Design and Technology track
Three objects create a nature morte scene or a memento mori essence to them. These artifacts, one black and two white are reanimated via technology and act as a crucial stage in the grieving process.
The first object is in the form of a seashell and acts as a transitional piece; it retains the deceased’s heartbeat. The grieving viewer is invited to take hold of the seashell and place it close to their own hearts. Alternatively they could also lend an ear and pay attention to the recurring rhythm. The peaceful seashell enables the grieving individual to transition from a dependence state to independence.
The second object is a weeping black stone that sheds tears when detecting the presence of the mourner, until they move away. It has the mechanics of an hourglass containing the dripping tears, while the griever processes their pain and emotions.
The last and final object is a stuffed, white bird that giggles with the same voice of the deceased every time the mourner laughs.

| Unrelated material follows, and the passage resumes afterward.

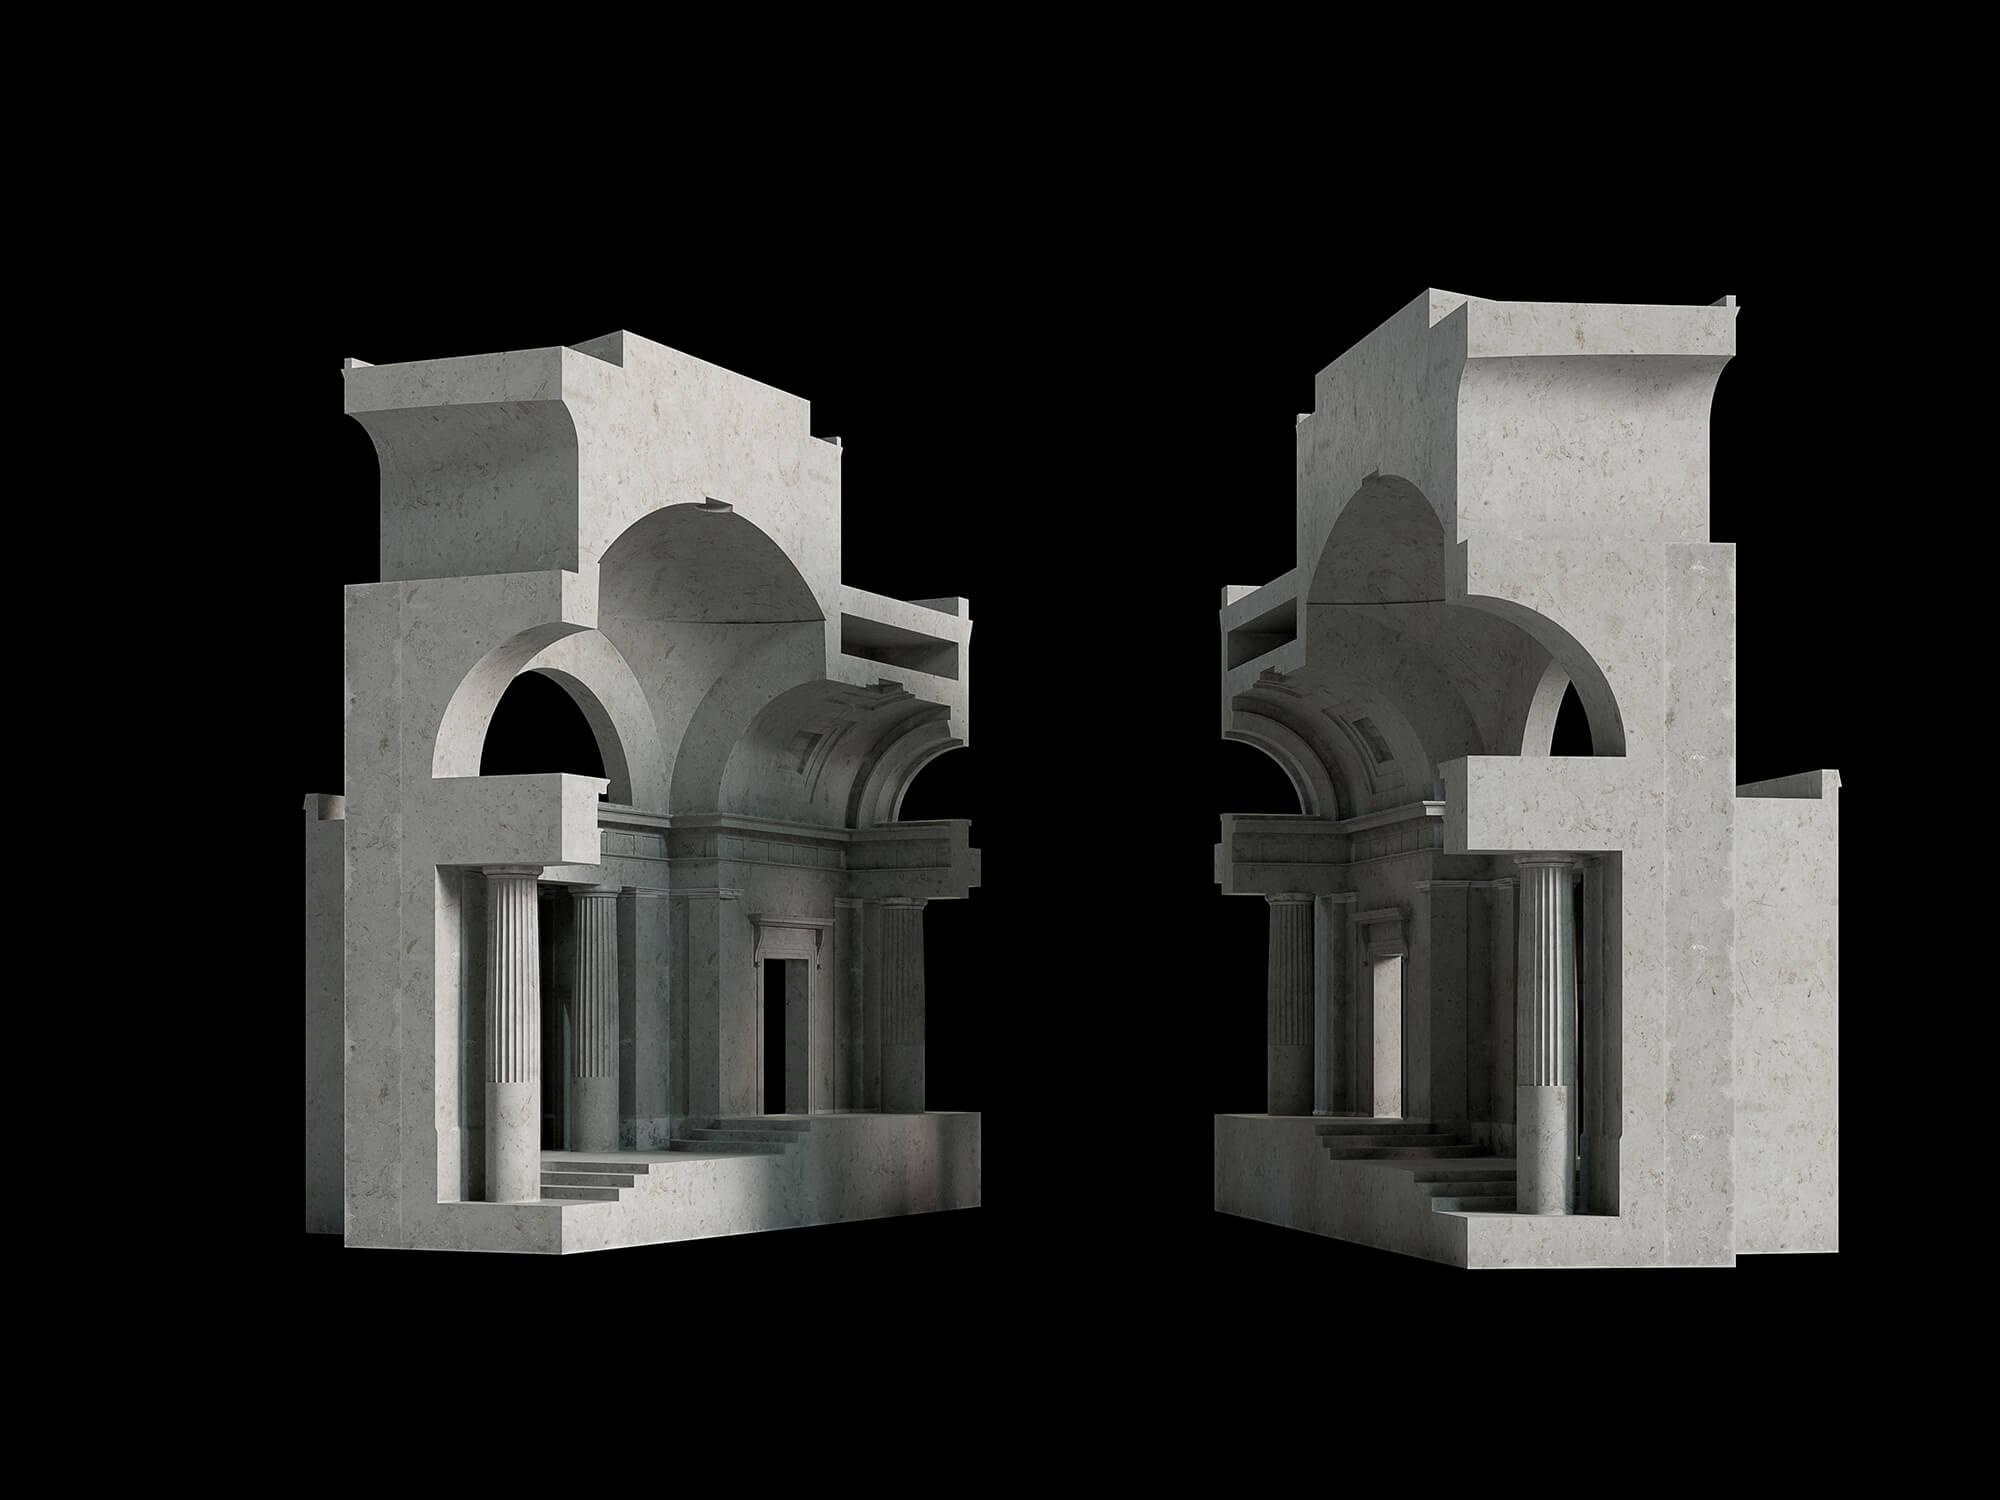 WHITE CROW STUDIOS - SIR JOHN SOANE MUSEUM - PRODUCT CGI

This stage of the grieving process is crucial; together with humor and laughter, the bird marks acceptance and emerges through the sorrow with renewed energy.

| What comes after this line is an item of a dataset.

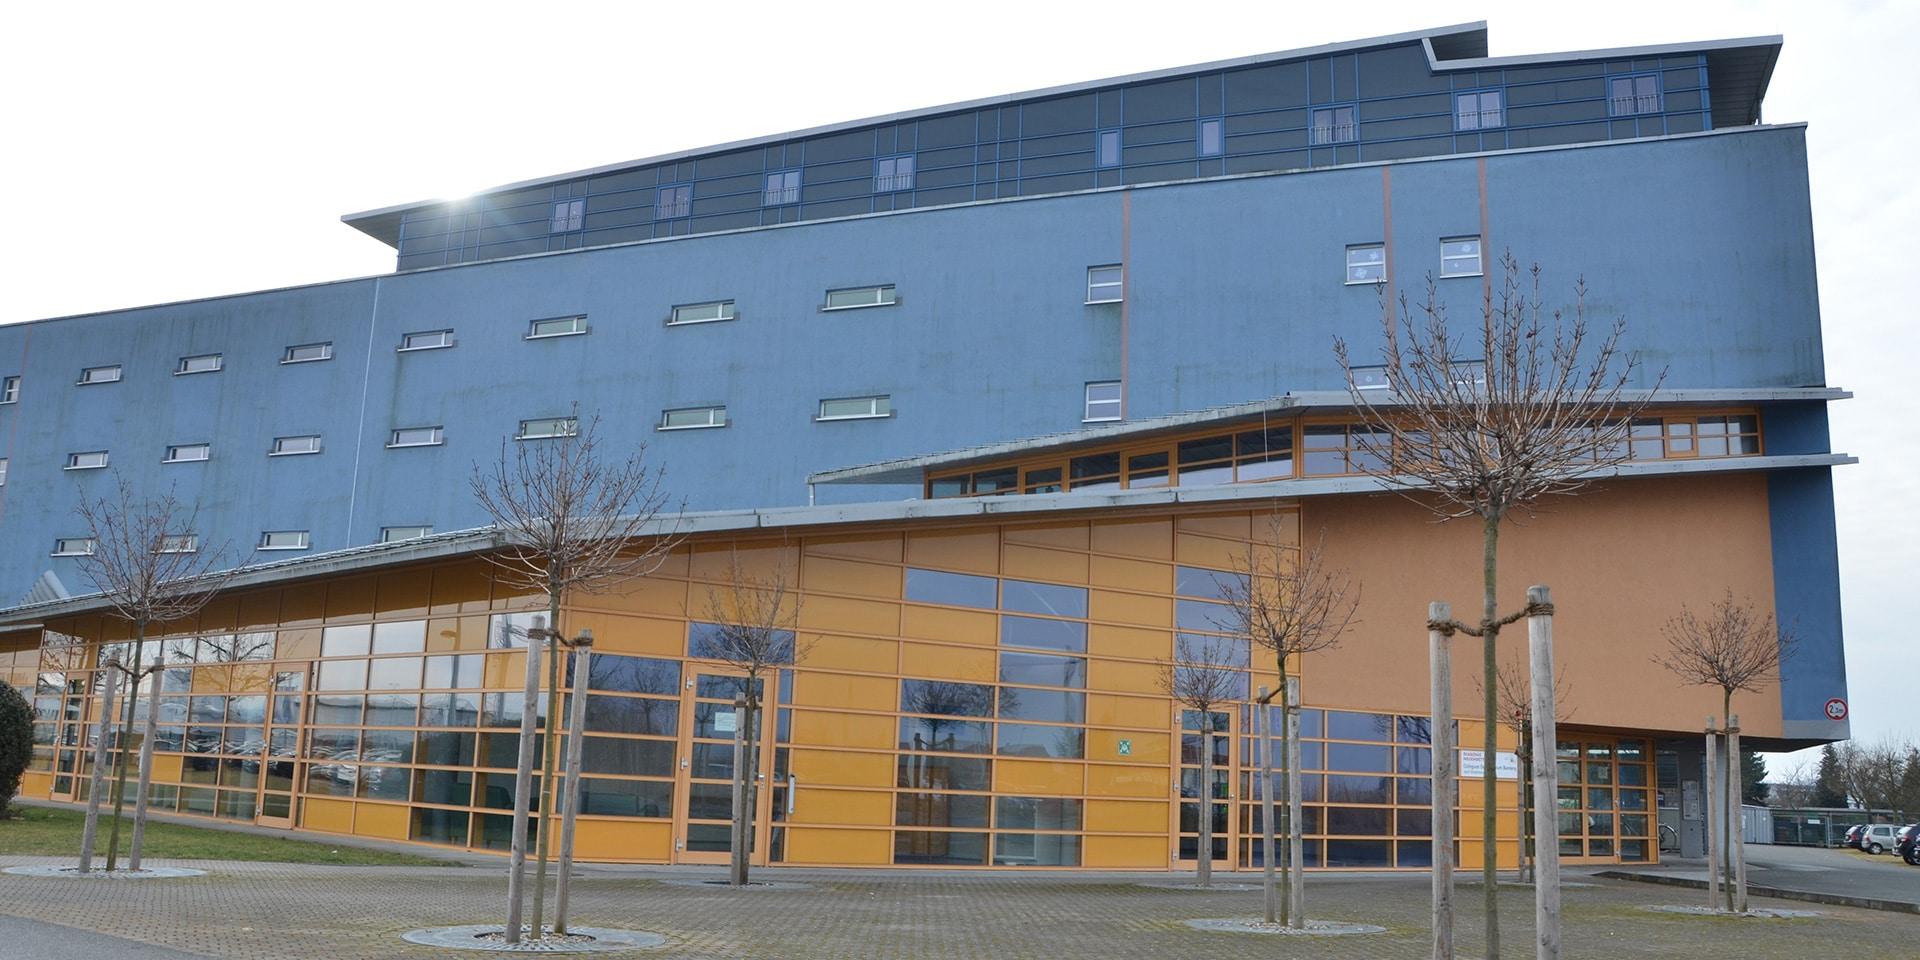 wohnheim collegium oecumenicum bamberg - Wohnheim Collegium Oecumenicum Bamberg

Creating the series of these three objects emerged from my interest in psychology with the focus on grief and separation. Inspired by Freud’s “grief work”, Winnicott’s “transitional object”, and Kübler-Ross’s five stages of grief. Additionally, after conducting several interviews with individuals who experienced the loss of a loved one, I found that the presence of the deceased remains within us. Majority of the mourners cope with their grief with digital tools, such as reading through old messages, emails, and listening to recordings in order to maintain a sense of continuity. This led me to think about the real need for mnemonic mechanisms as an alternative to the traditional tombstones and cemeteries. Thus, the interactive objects I’ve designed enter the grievers life to provide comfort and acceptance.